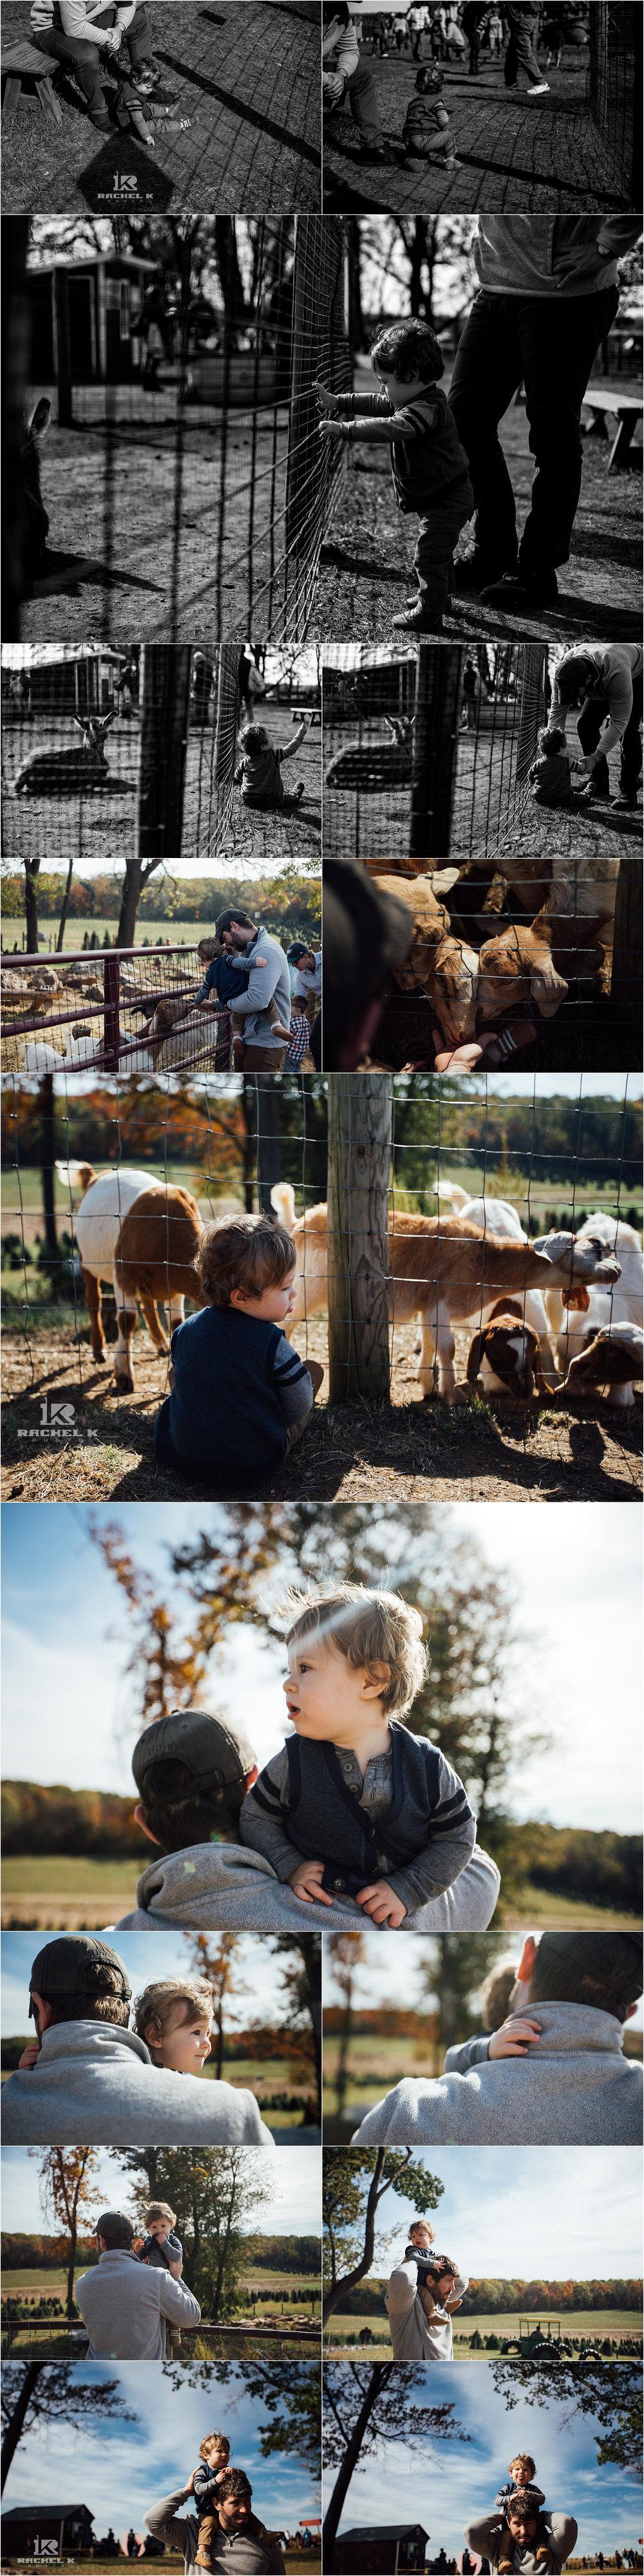 Fairfax Virginia photographer Rachel K Photo's October personal photos
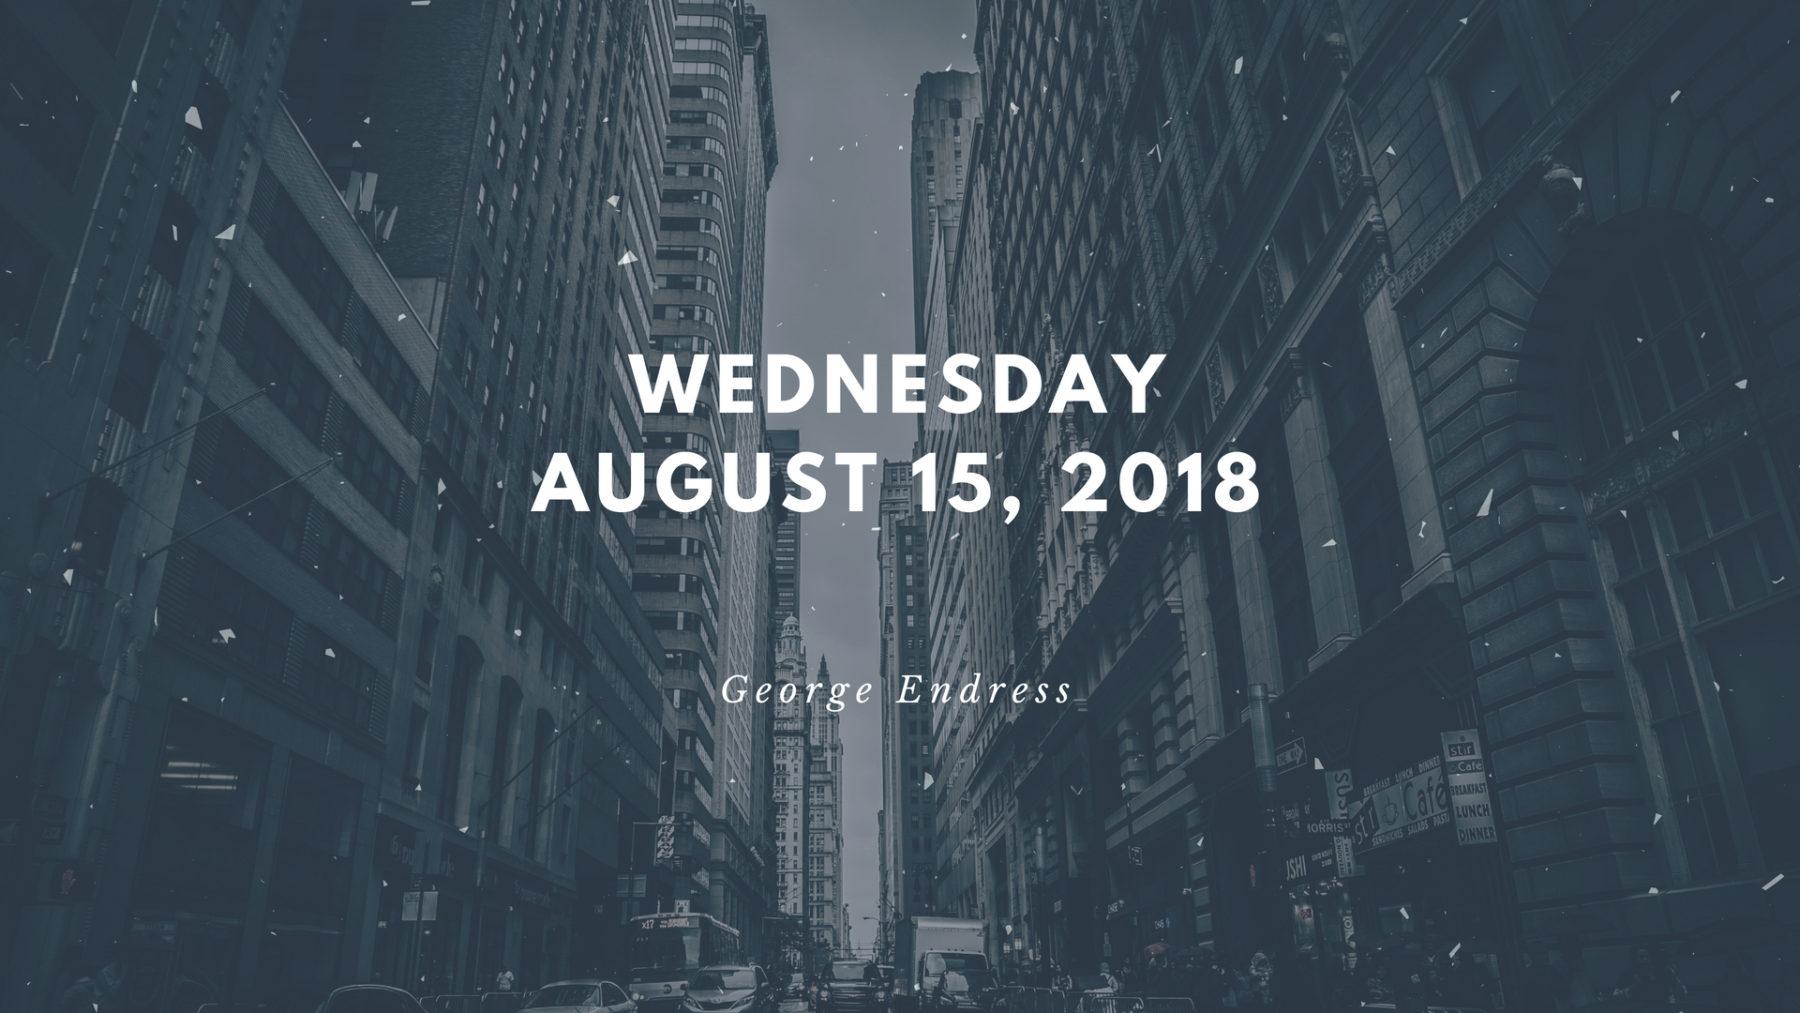 Wednesday, August 15, 2018
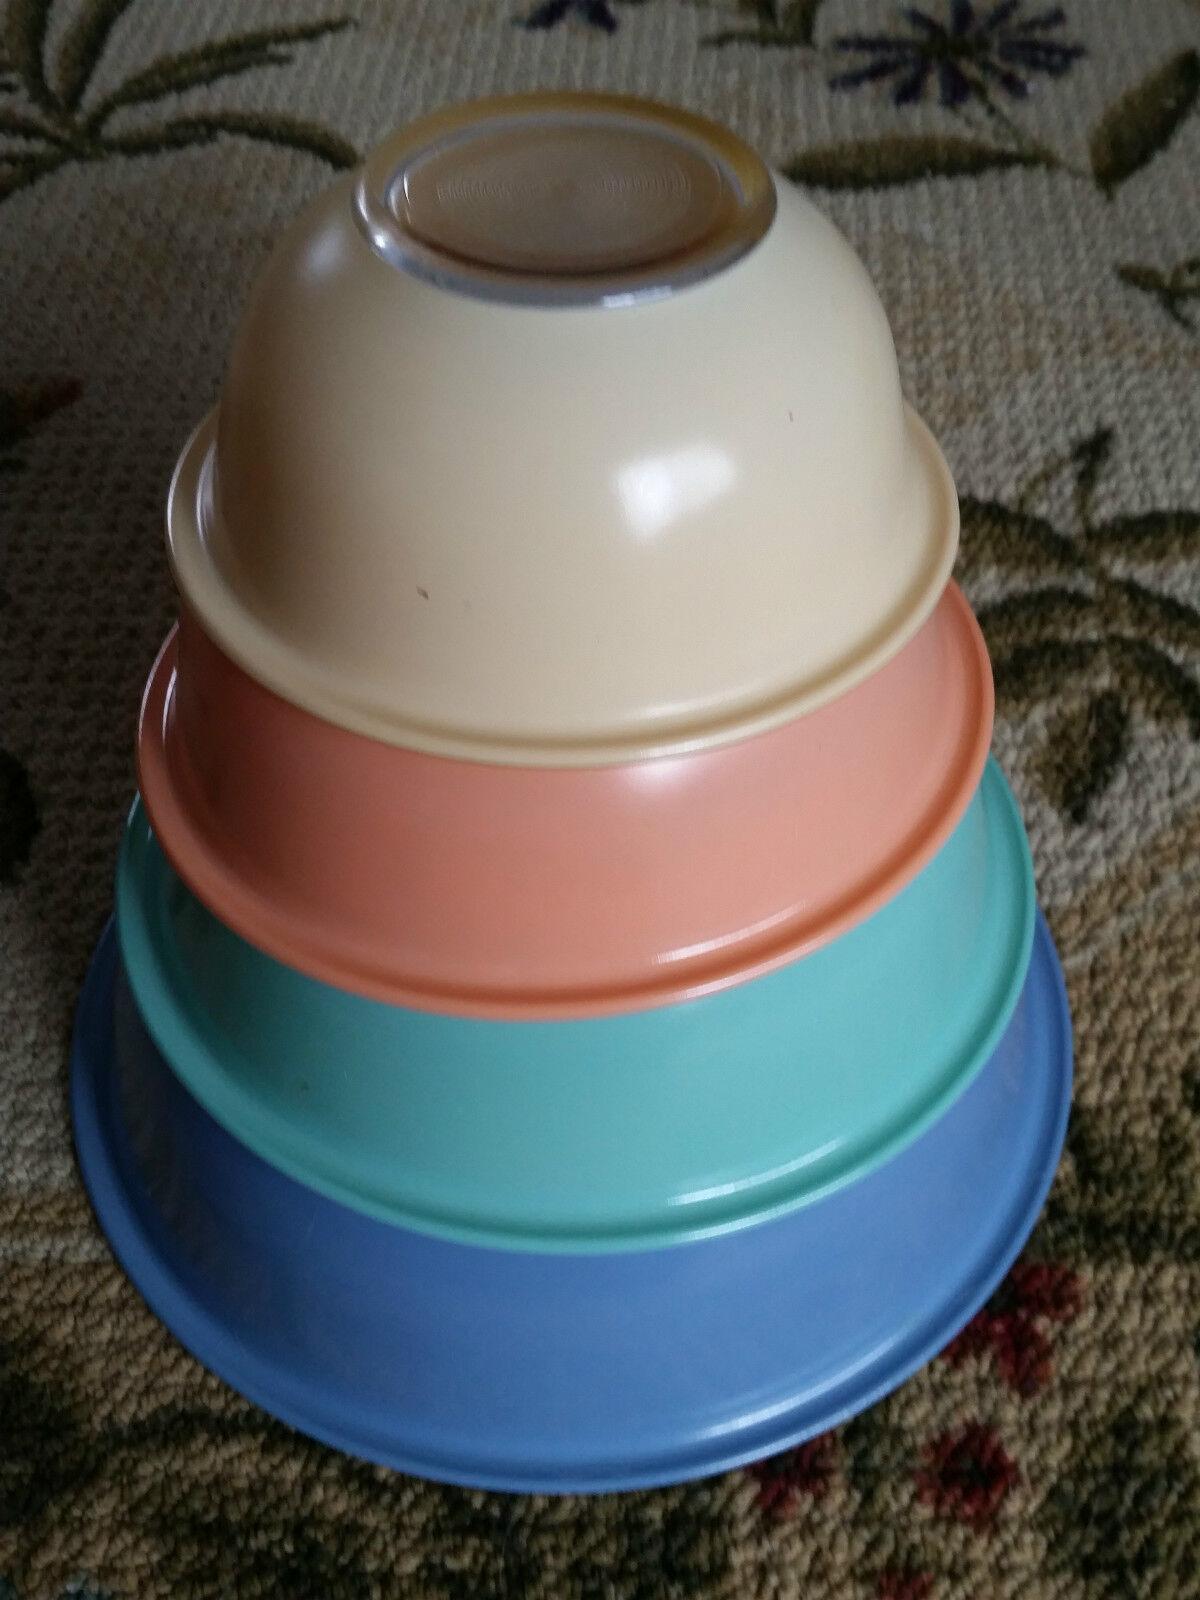 Pyrex Nesting Set of 4 Bowls  0206-186
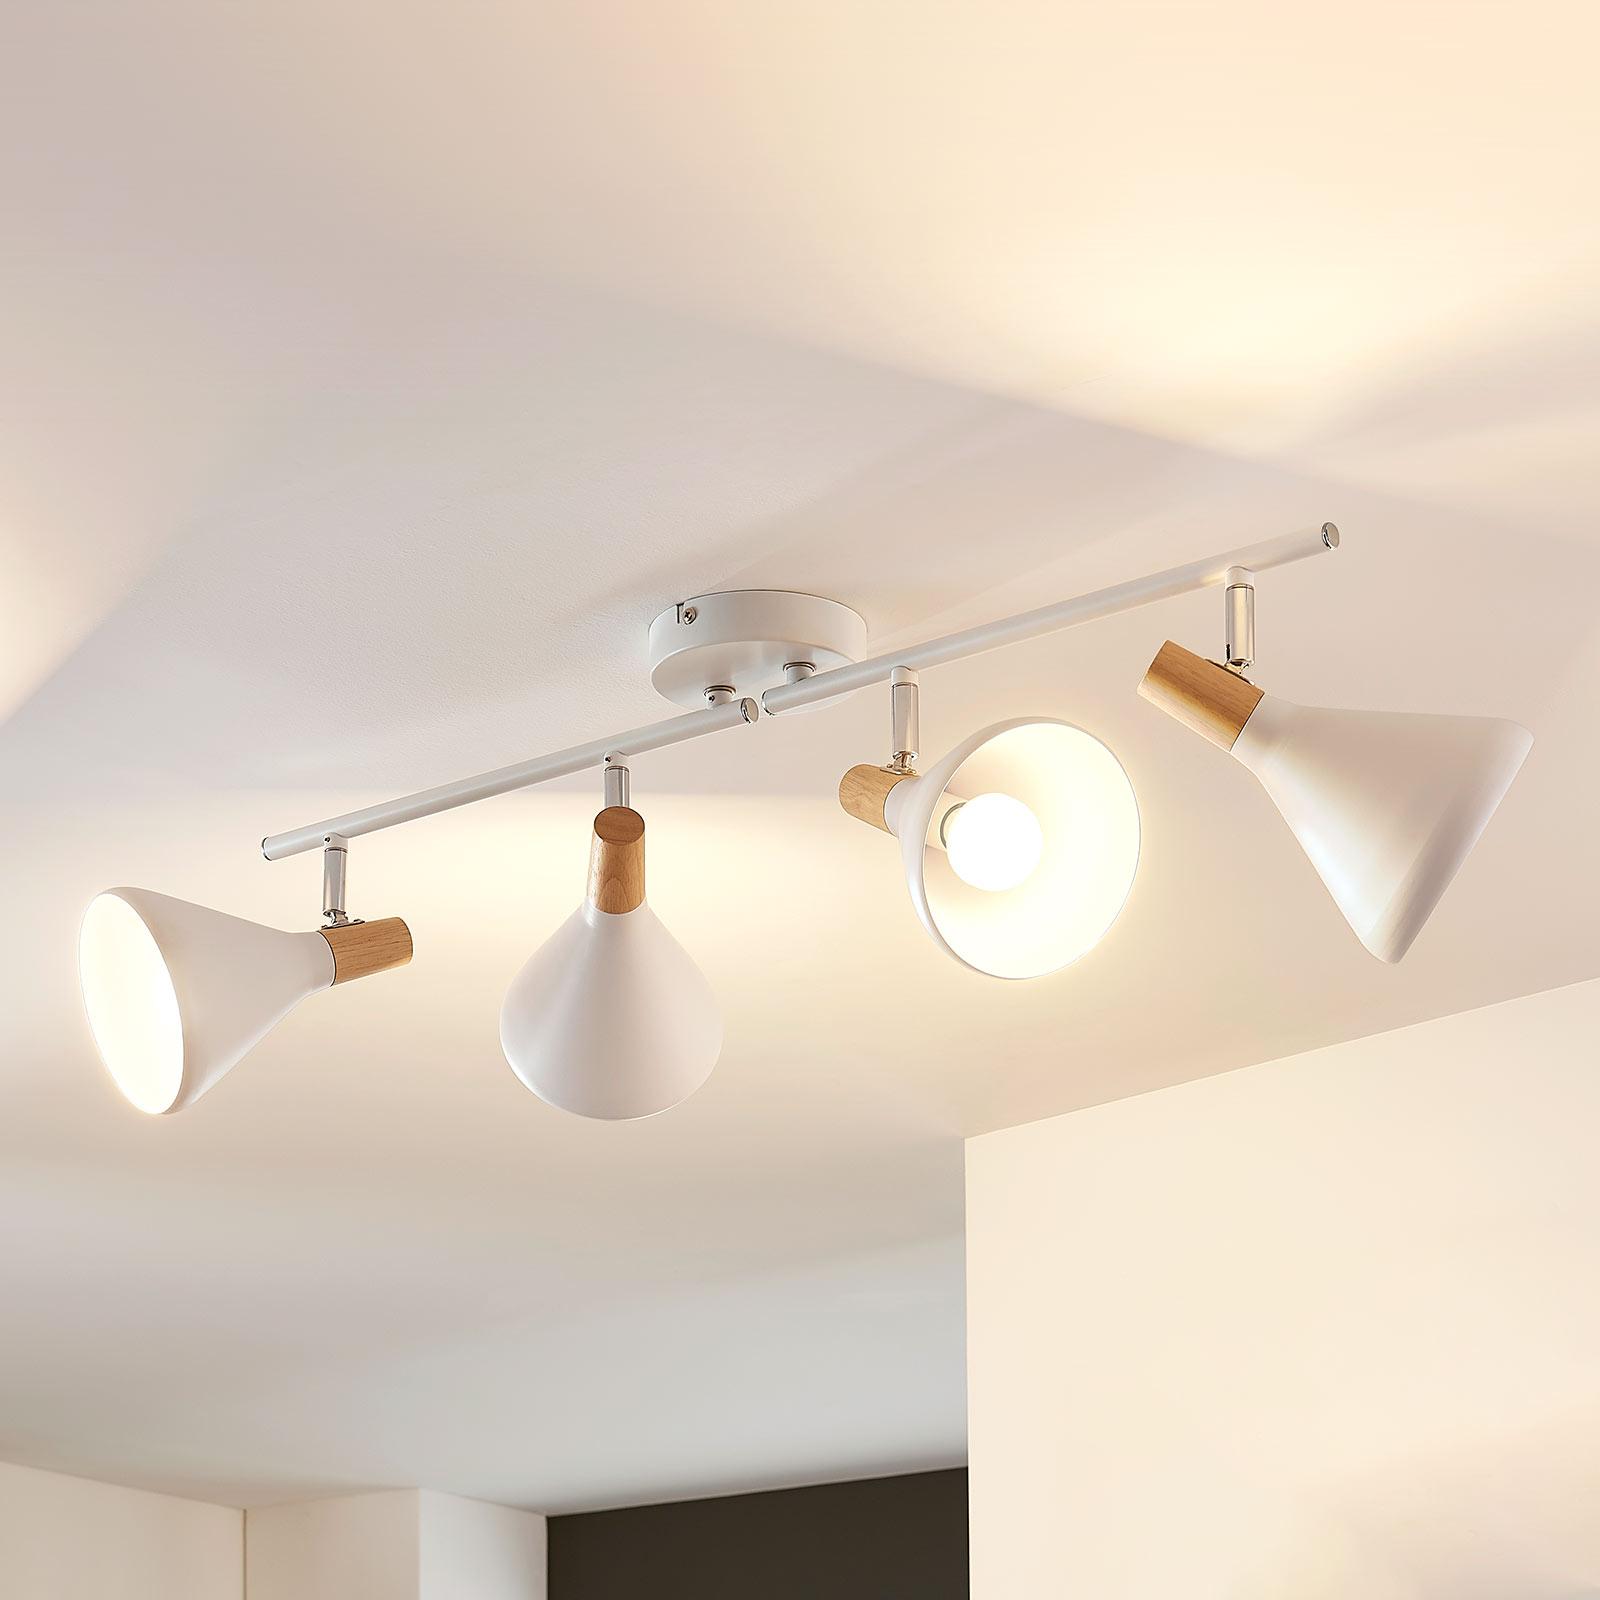 4-punktowa lampa sufitowa LED, Arina z drewnem

*TASK DESCRIPTION*: Transcribe exactly, and without any pictures, each line from the one that holds "Pyrex Nesting Set" through the final line of the material above.

*SOLUTION TO THE EXERCISE*:
 Pyrex Nesting Set of 4 Bowls  0206-186
 4-punktowa lampa sufitowa LED, Arina z drewnem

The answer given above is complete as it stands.